The Sri Lanka Hotels Association (THASL) has urged the government to introduce a legal framework restricting Agoda, Booking.com and Expedia from listing accommodation providers that are not registered with the Sri Lanka Tourism Development Authority (SLTDA), warning that the unregulated segment is undermining the formal tourism industry.

Speaking at a media briefing in Colombo, industry representatives said legally operating hotels currently pay close to Rs. 25 in tax, licence fees and other charges out of every Rs. 100 earned, while unregistered providers operate without paying these levies or meeting regulatory requirements. The association said the disparity created an uneven playing field and could be affecting foreign-exchange inflows, with revenue from some unregistered establishments possibly flowing outside formal banking channels.

THASL Chairman Asoka Hettigoda said the association is already in discussions with the Ministry of Digital Economy on the issue, and argued that a simple legal amendment could prevent unregistered properties from being promoted on international booking websites. Such an amendment, he said, would also raise government tax revenue and improve accountability across the sector. The association also flagged tourist safety and service-standard risks at unregulated accommodation as a regulatory concern alongside the tax fairness argument.

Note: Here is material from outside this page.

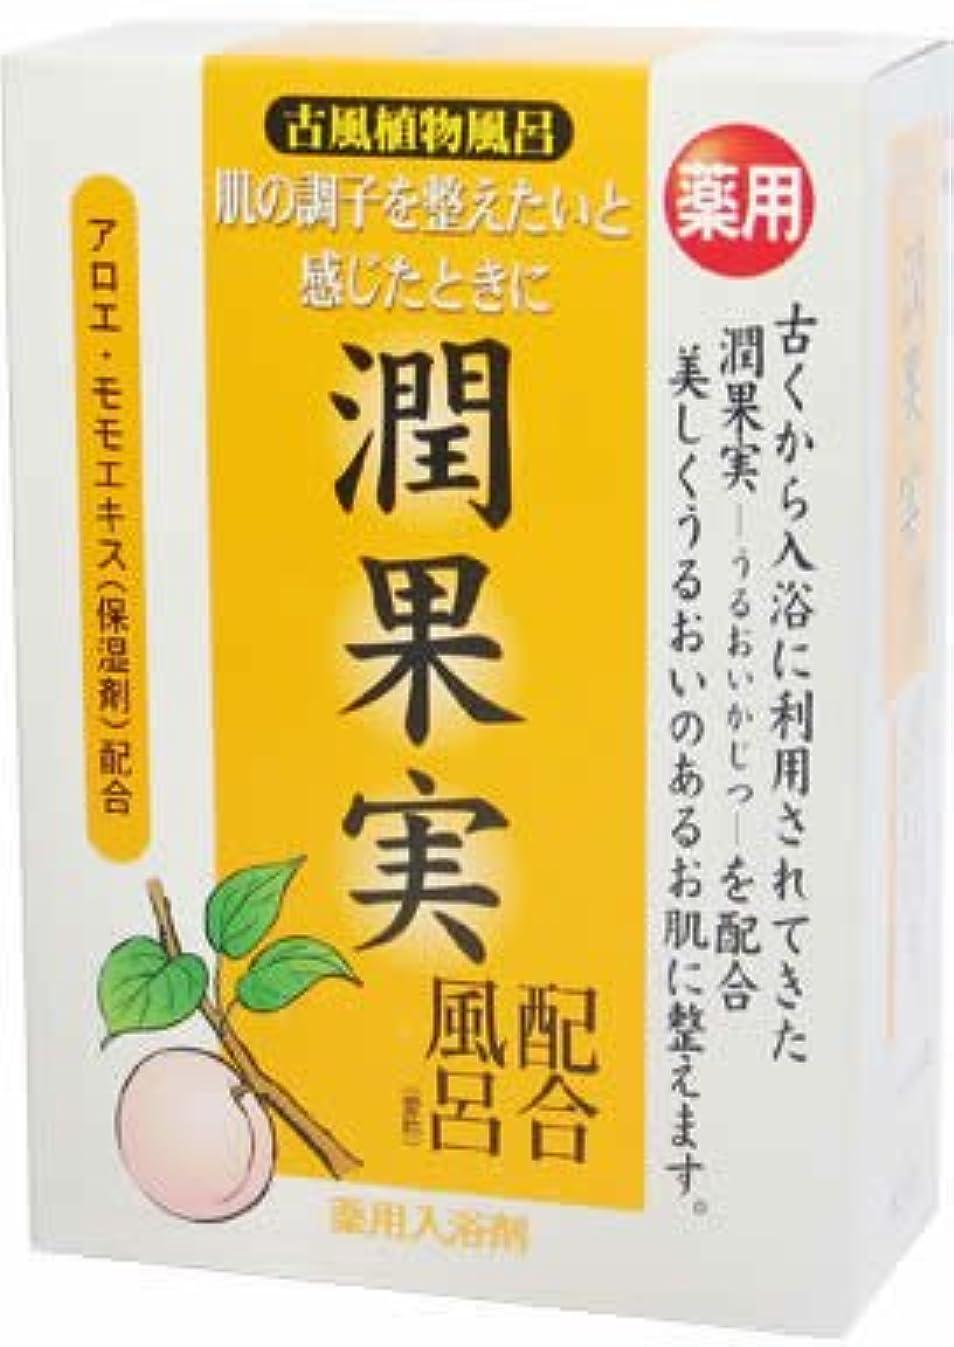 オーブンアクロバット気絶させる古風植物風呂潤果実配合 25gX5包 [医薬部外品]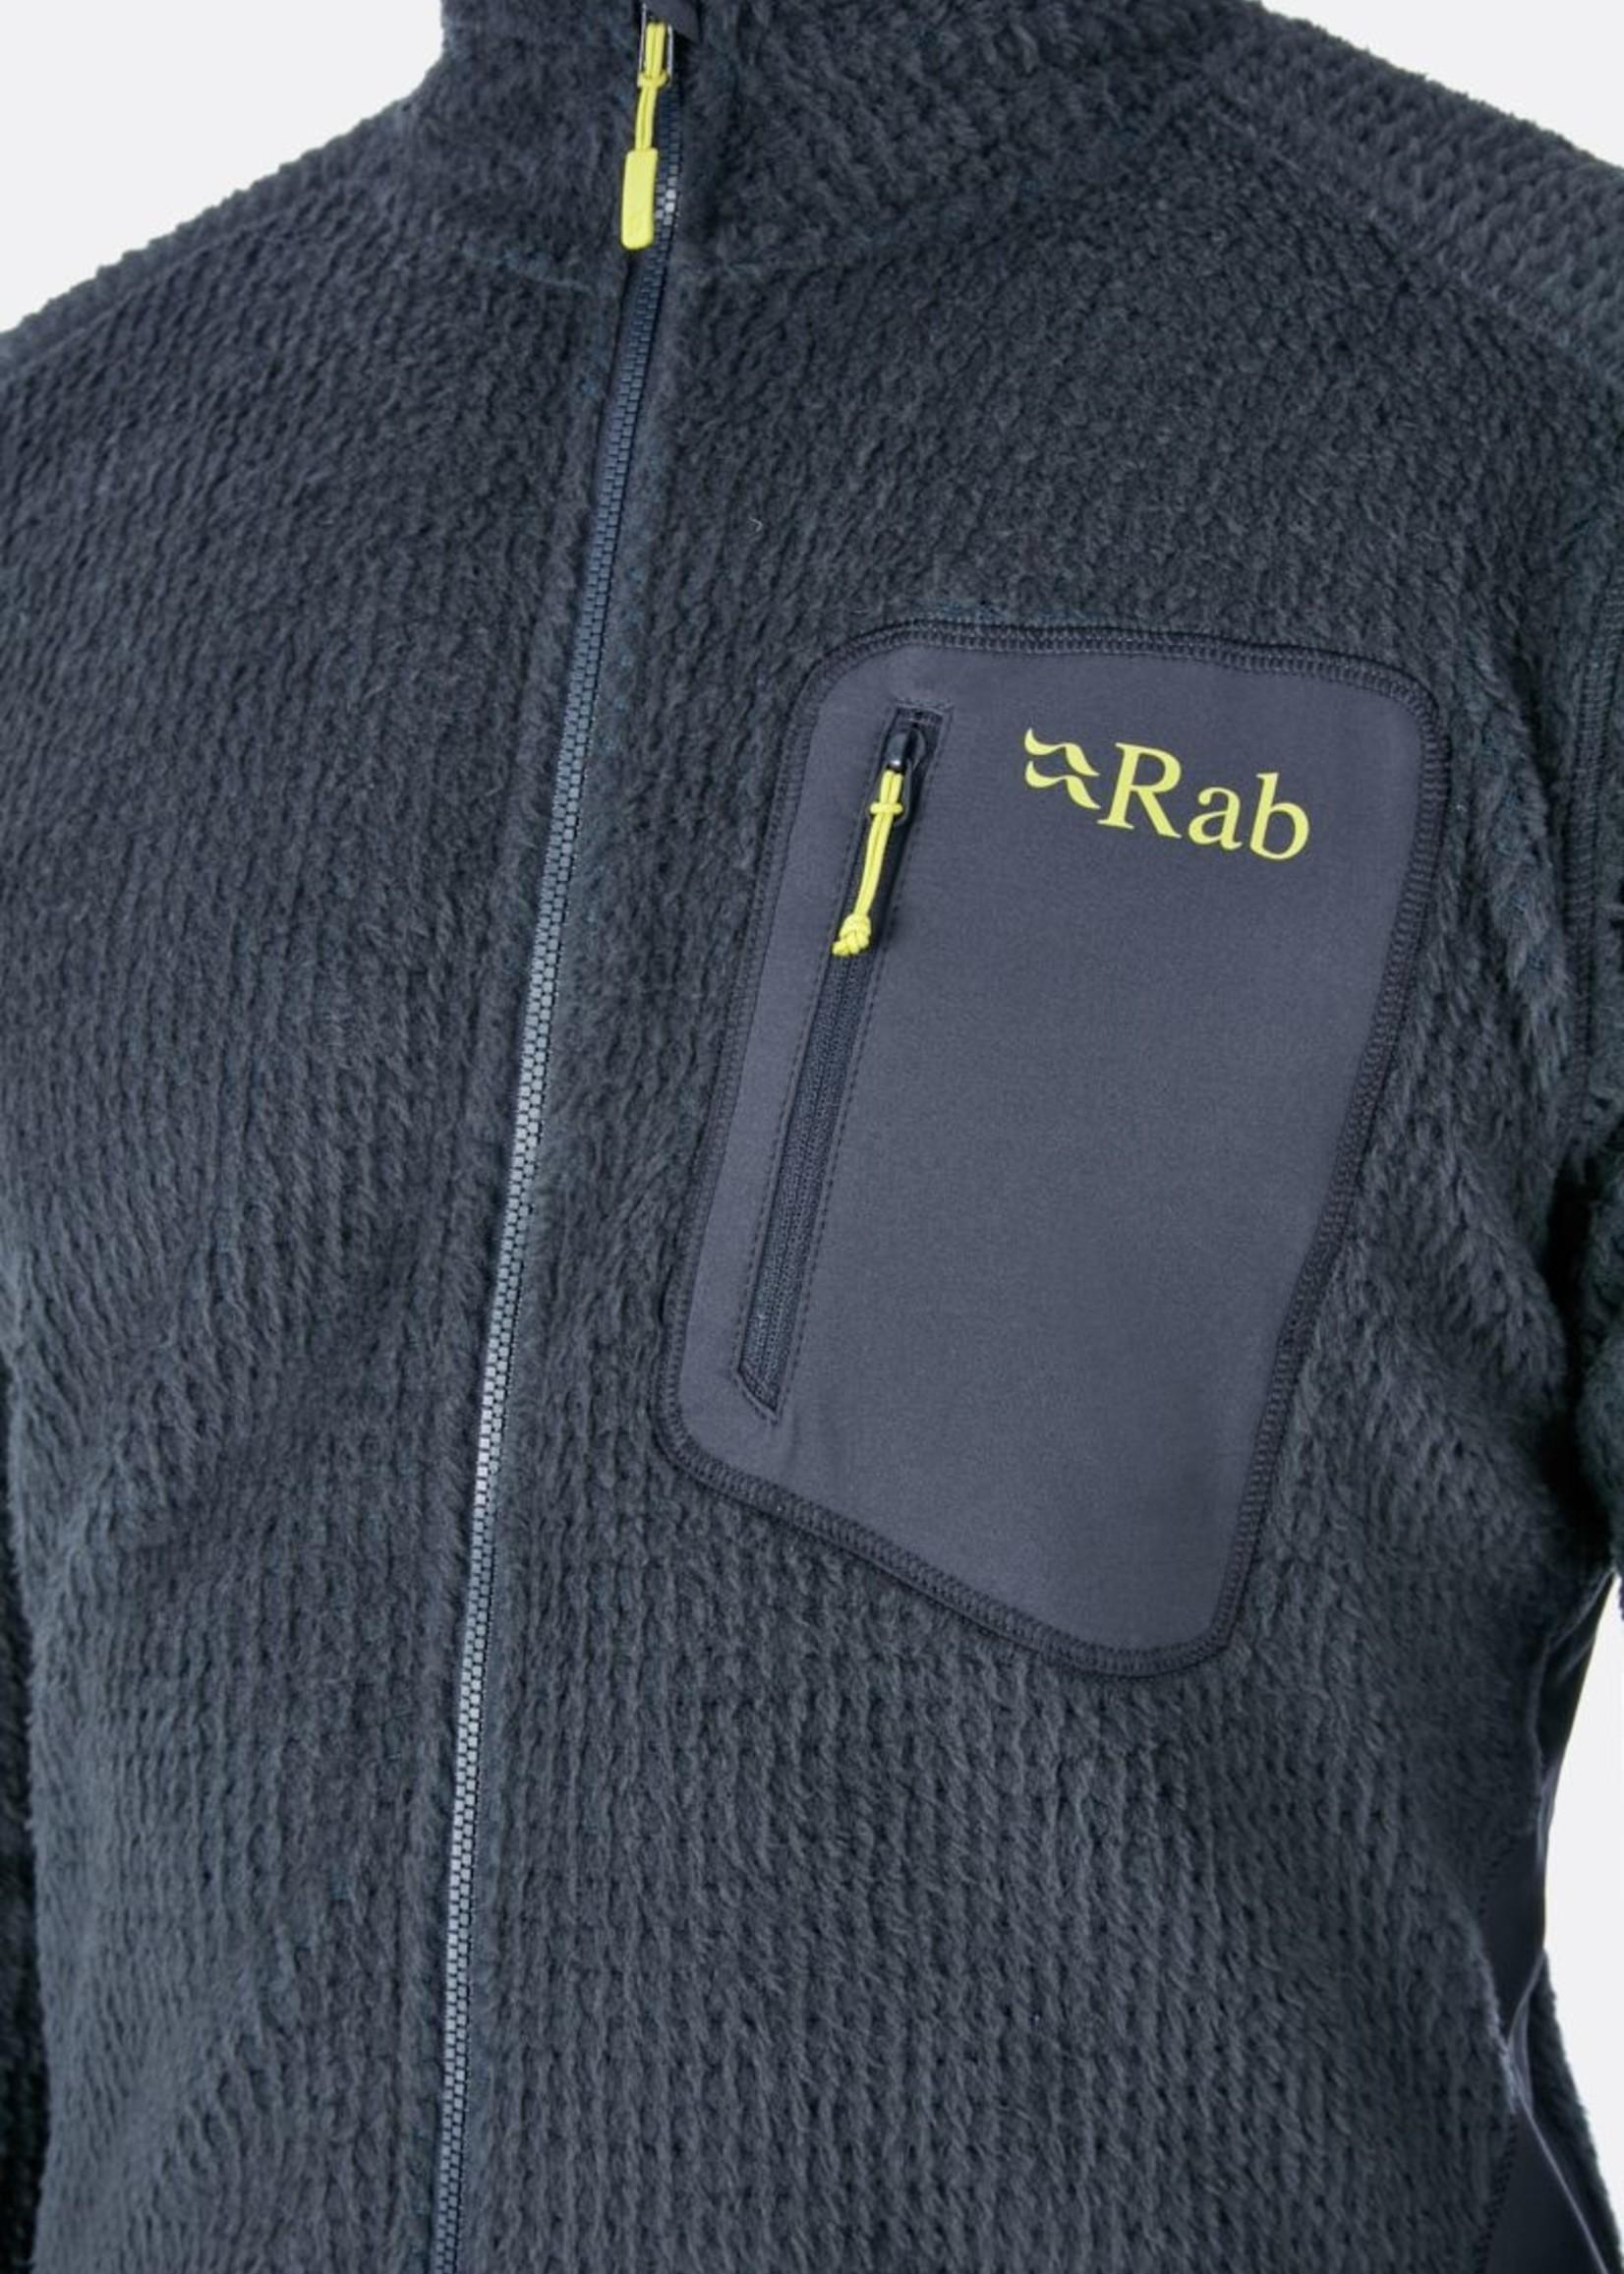 Rab Alpha Flash Jacket

The digital-platform demand is the most concrete actionable item to emerge from THASL’s busy week of public positioning. The association has separately opposed a proposed new Tourism Act in favour of amending the existing SLTDA Act and previously warned that a proposed liquor licence fee hike would penalise the formal hotel sector while encouraging informal operators. The interventions land against a sector backdrop of March tourist arrivals falling 19% year on year and March tourism revenue plunging 37%, with SLAITO this week using its Sancharaka Udawa 2026 platform to call for a tourism revival push.